If you really need to quench out the last bit of performance, you can 
use some GCC fu:
 

1

/* In some header */

2

#include <stdint.h>

3

4

/* Same as  1 << (n % 8))  */

5

static __inline__ __attribute__((__always_inline__))

6

uint8_t bitmask_asm (uint8_t n)

7

{

8

    uint8_t mask;

9

    __asm__ ("ldi  %0, 1 << 1  $"

10

             "sbrs %1, 1       $"

11

             "clr  %0          $"

12

             "sbrc %0, 0       $"

13

             "lsl  %0          $"

14

             "sbrc %1, 2       $"

15

             "swap %0"

16

             : "=&d" (mask) : "r" (n));

17

    return mask;

18

}

19

20

/* Same as  1 << (n % 8))  */

21

static __inline__ __attribute__((__always_inline__))

22

uint8_t bitmask (uint8_t n)

23

{

24

    return __builtin_constant_p (n) ? (1 << (n % 8)) : bitmask_asm (n);

25

}

26

27

/* I some module */

28

#include <avr/io.h>

29

30

void set (uint8_t data, uint8_t x)

31

{

32

    extern uint8_t c;

33

34

    PORTB |= bitmask (1+2+3);

35

    PORTB |= bitmask (data);

36

    PORTB &= ~bitmask (1+2+3);

37

38

    if (PORTB & bitmask (data))

39

        c |= bitmask (x);

40

}

 
Compiling this with an optimizing avr-gcc yields, here with version 4.7:
 

1

set:

2

  sbi 0x18,6   ;  11  *sbi  [length = 1]

3

  in r25,0x18   ;  13  movqi_insn/4  [length = 1]

4

  mov r18,r24   ;  51  movqi_insn/1  [length = 1]

5

/* #APP */

6

  ldi  r24, 1 << 1

7

  sbrs r18, 1

8

  clr  r24

9

  sbrc r24, 0

10

  lsl  r24

11

  sbrc r18, 2

12

  swap r24

13

/* #NOAPP */

14

  or r25,r24   ;  16  iorqi3/1  [length = 1]

15

  out 0x18,r25   ;  18  movqi_insn/3  [length = 1]

16

  cbi 0x18,6   ;  23  *cbi  [length = 1]

17

  in r25,0x18   ;  25  movqi_insn/4  [length = 1]

18

  and r25,r24   ;  28  andqi3/1  [length = 1]

19

  breq .L1   ;  30  branch  [length = 1]

20

/* #APP */

21

  ldi  r25, 1 << 1

22

  sbrs r22, 1

23

  clr  r25

24

  sbrc r25, 0

25

  lsl  r25

26

  sbrc r22, 2

27

  swap r25

28

/* #NOAPP */

29

  lds r24,c   ;  34  movqi_insn/4  [length = 2]

30

  or r24,r25   ;  35  iorqi3/1  [length = 1]

31

  sts c,r24   ;  36  movqi_insn/3  [length = 2]

32

.L1:

33

  ret   ;  54  return  [length = 1]

 
In the 1st and 3rd call of bitmask the argument is known at compile 
time and the compiler can fold the expressions to SBI resp. CBI.

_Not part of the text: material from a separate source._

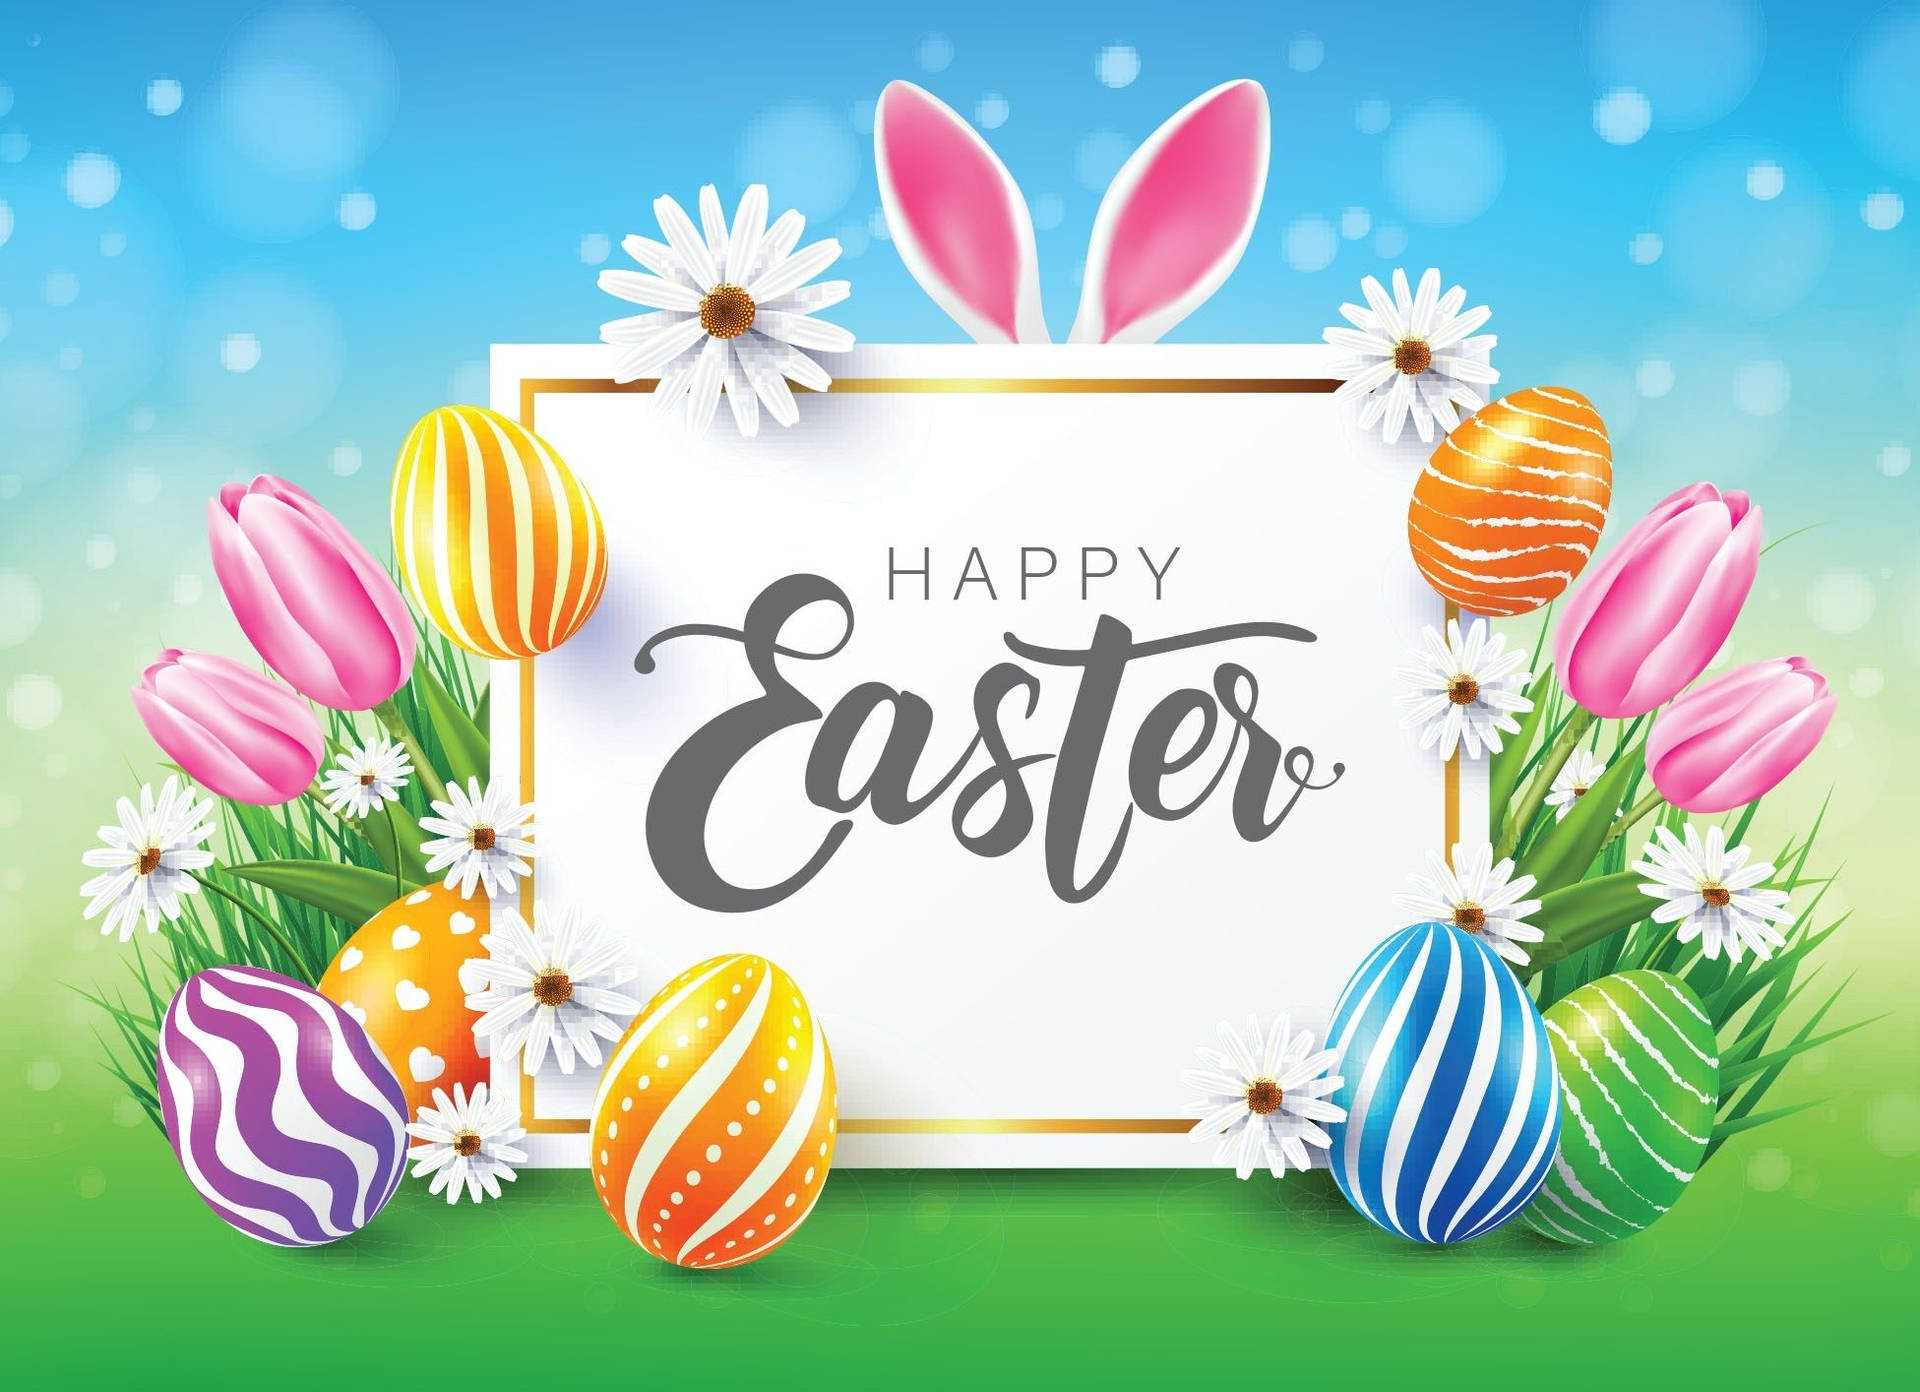 Happy Easter Desktop Card Wallpaper

If the argument to bitmask is not a compile time constant, then the 
optimized asm sequence will be used.  That sequence takes 7 ticks, and 
you need some additional ticks for IN and OUT.

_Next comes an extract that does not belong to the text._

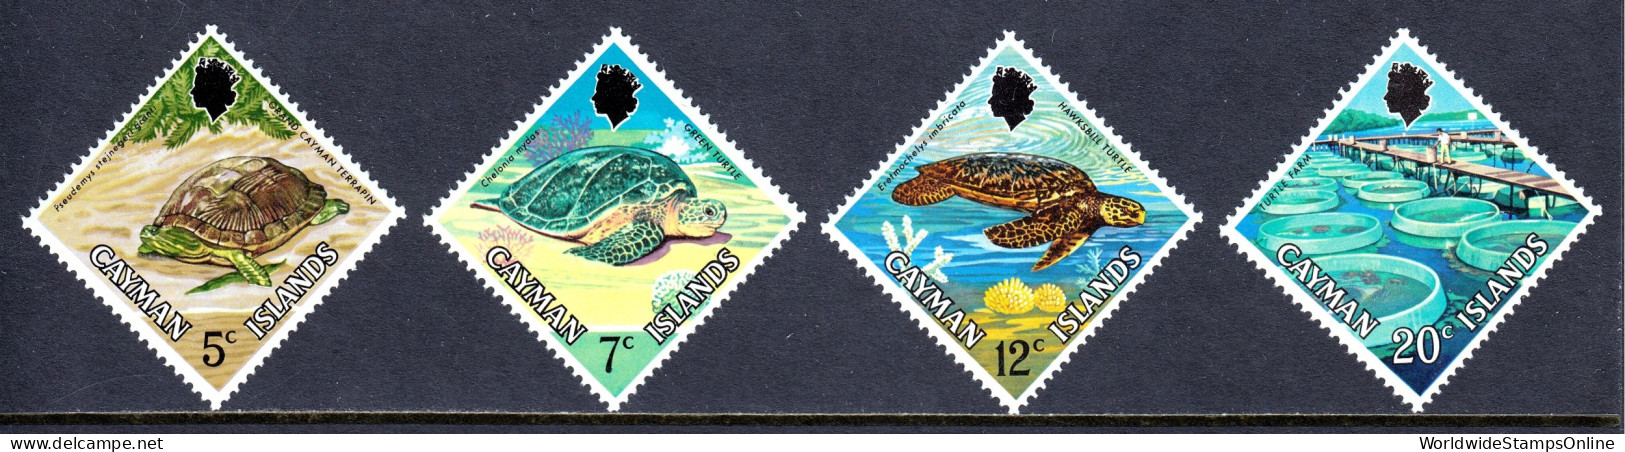 Cayman Islands - Scott #283-286 - MNH - SCV $6.30 - Iles Caïmans

Notice that in the latter case the port change is not atomic.

Moreover, the asm sequence is only expanded once for data and then 
reused in the remainder.  That's the reason why the asm should not be 
volatile:  The asm is const (like a function can be const) and thus has 
no side effects and can be reused.

For the sake of completeness:

The AVR instruction set provides the BLD and BST operations which allow 
easy transfer of single bits from one register to another, both at 
arbitrary bit positions. They use the T-bit in the SREG which is 
otherwise not used by gcc.

Using inline assembler a single bit can be transferred between two 8-bit 
variables with two instructions in two cycles as simple as:

1

asm volatile (

2

  "bst  %[src],  %[srcbit] \r\n"

3

  "bld  %[dest], %[destbit] \r\n"

4

  : [dest] "+r" (dest)

5

  : [src] "r" (src),

6

    [srcbit] "n" (2),

7

    [destbit] "n" (7)

8

);

Using BLD/BST, no shifts/rotates are needed, and no AND/OR operation 
either. Only the designated bit in dest is affected.